(Required action):
When you reach the line containing "如何识别老电脑硬件型号，下载干净、准确的驱动，并安装 Windows 7 1", start transcribing exactly and continue through the last line of the data, skipping every picture.

(Given information):

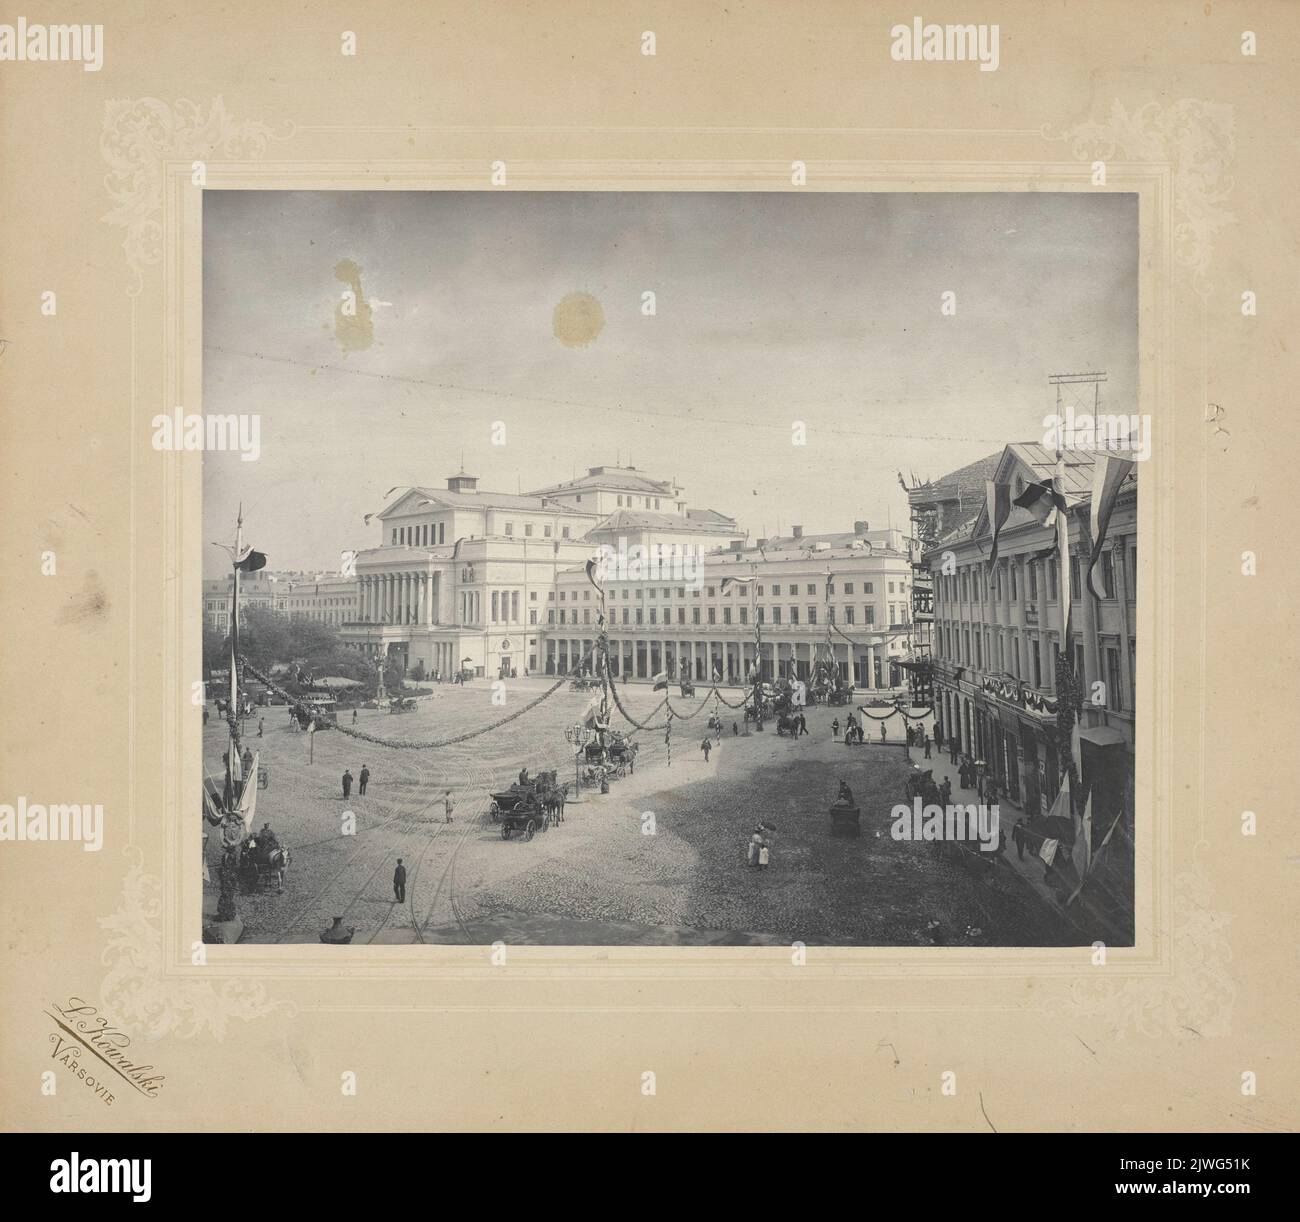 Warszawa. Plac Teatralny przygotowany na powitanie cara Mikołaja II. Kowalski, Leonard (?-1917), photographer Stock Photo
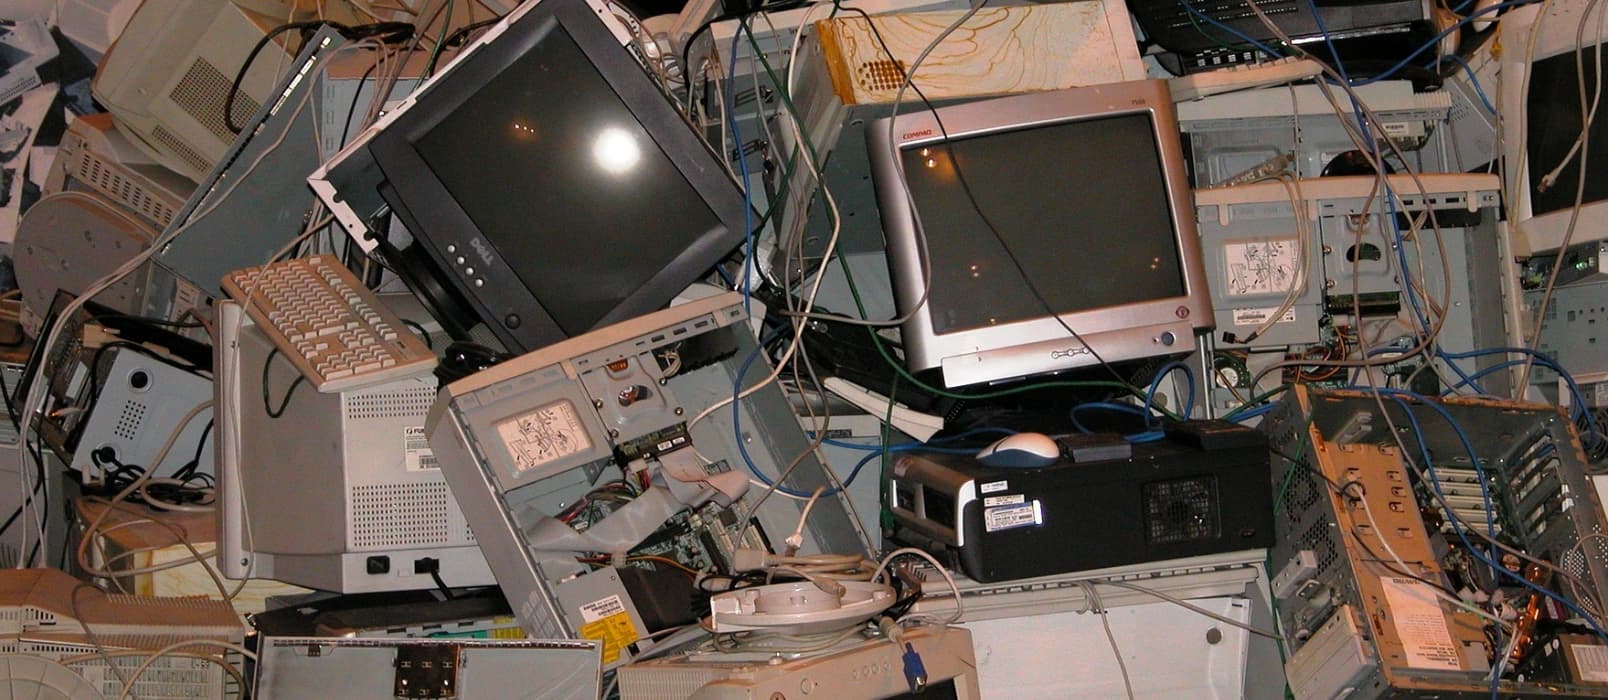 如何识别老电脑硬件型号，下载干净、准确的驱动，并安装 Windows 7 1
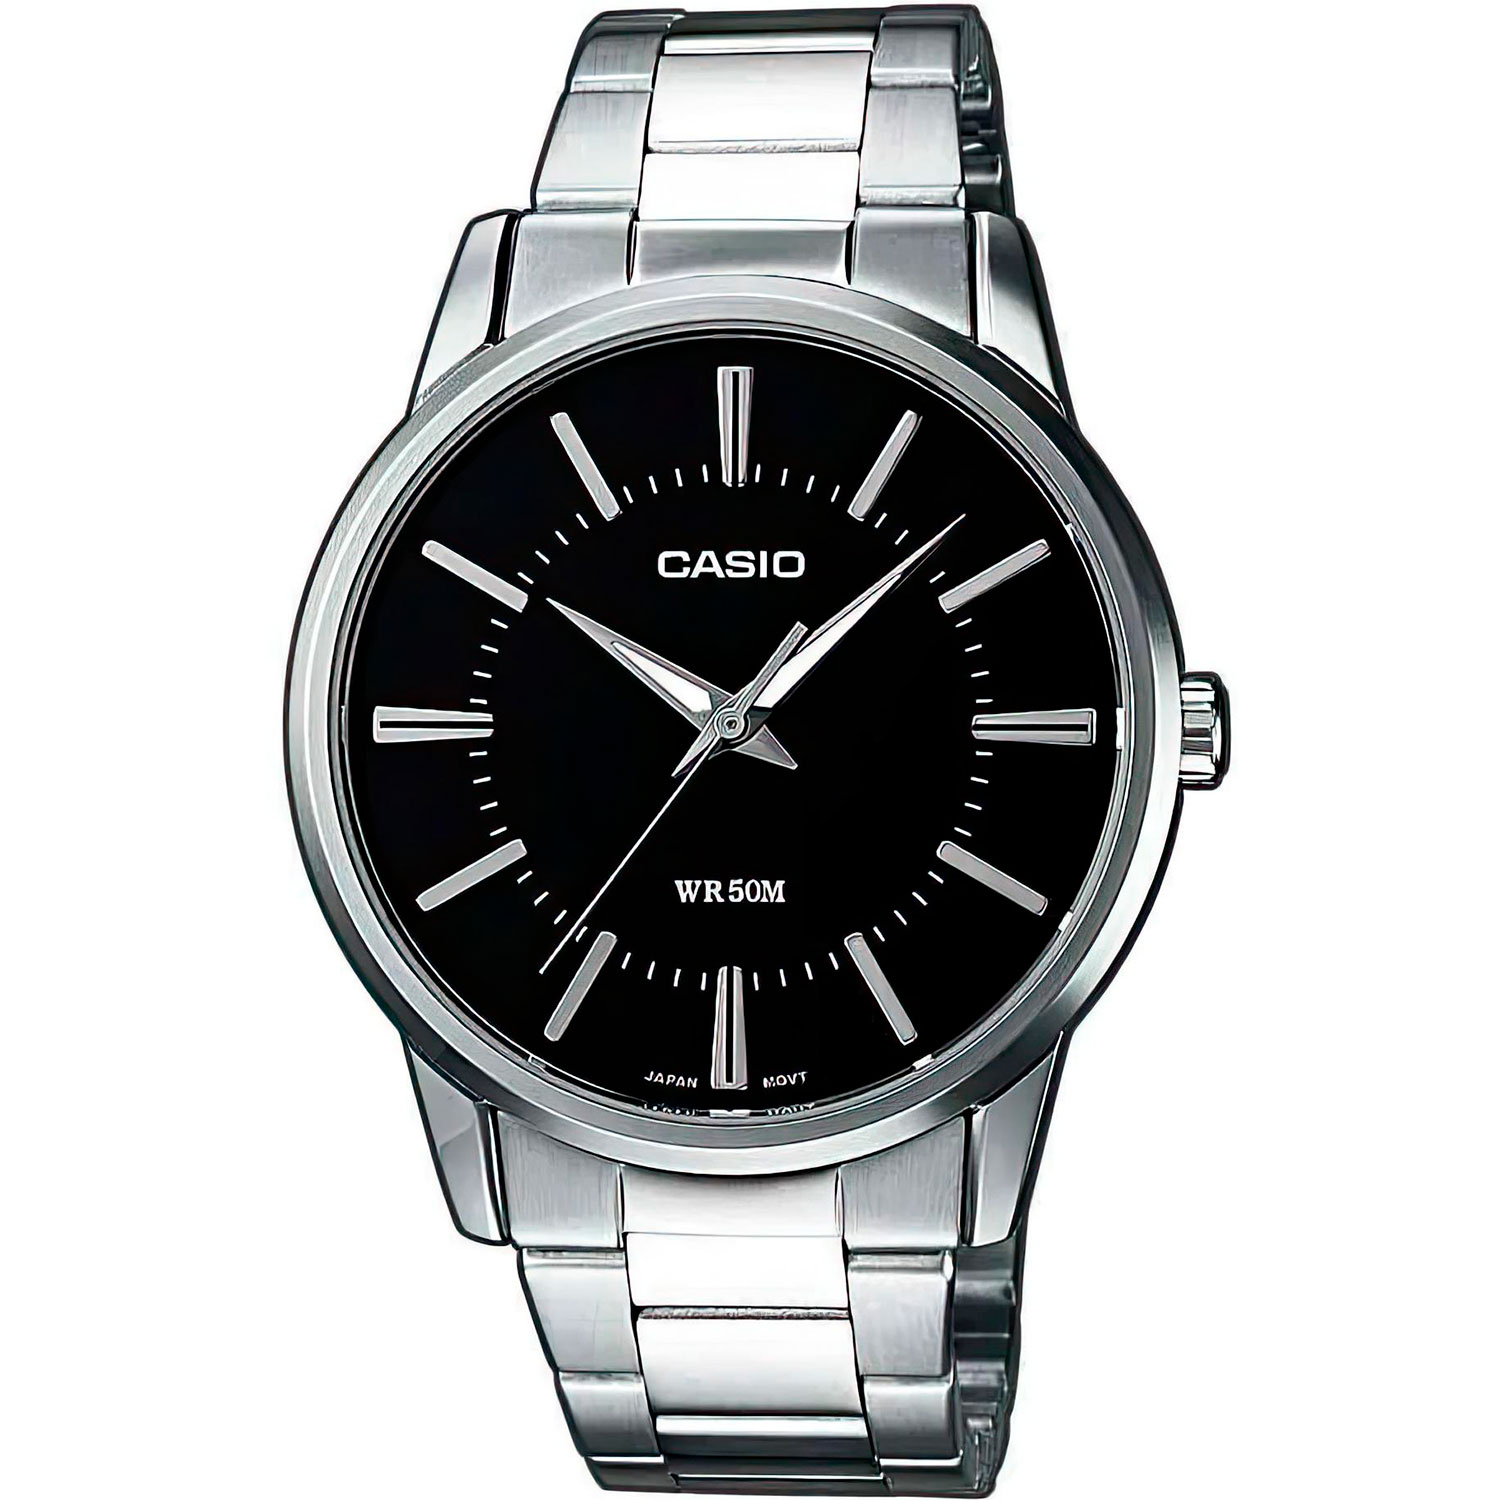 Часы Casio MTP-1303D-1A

(Expected output):
 如何识别老电脑硬件型号，下载干净、准确的驱动，并安装 Windows 7 1
 Часы Casio MTP-1303D-1A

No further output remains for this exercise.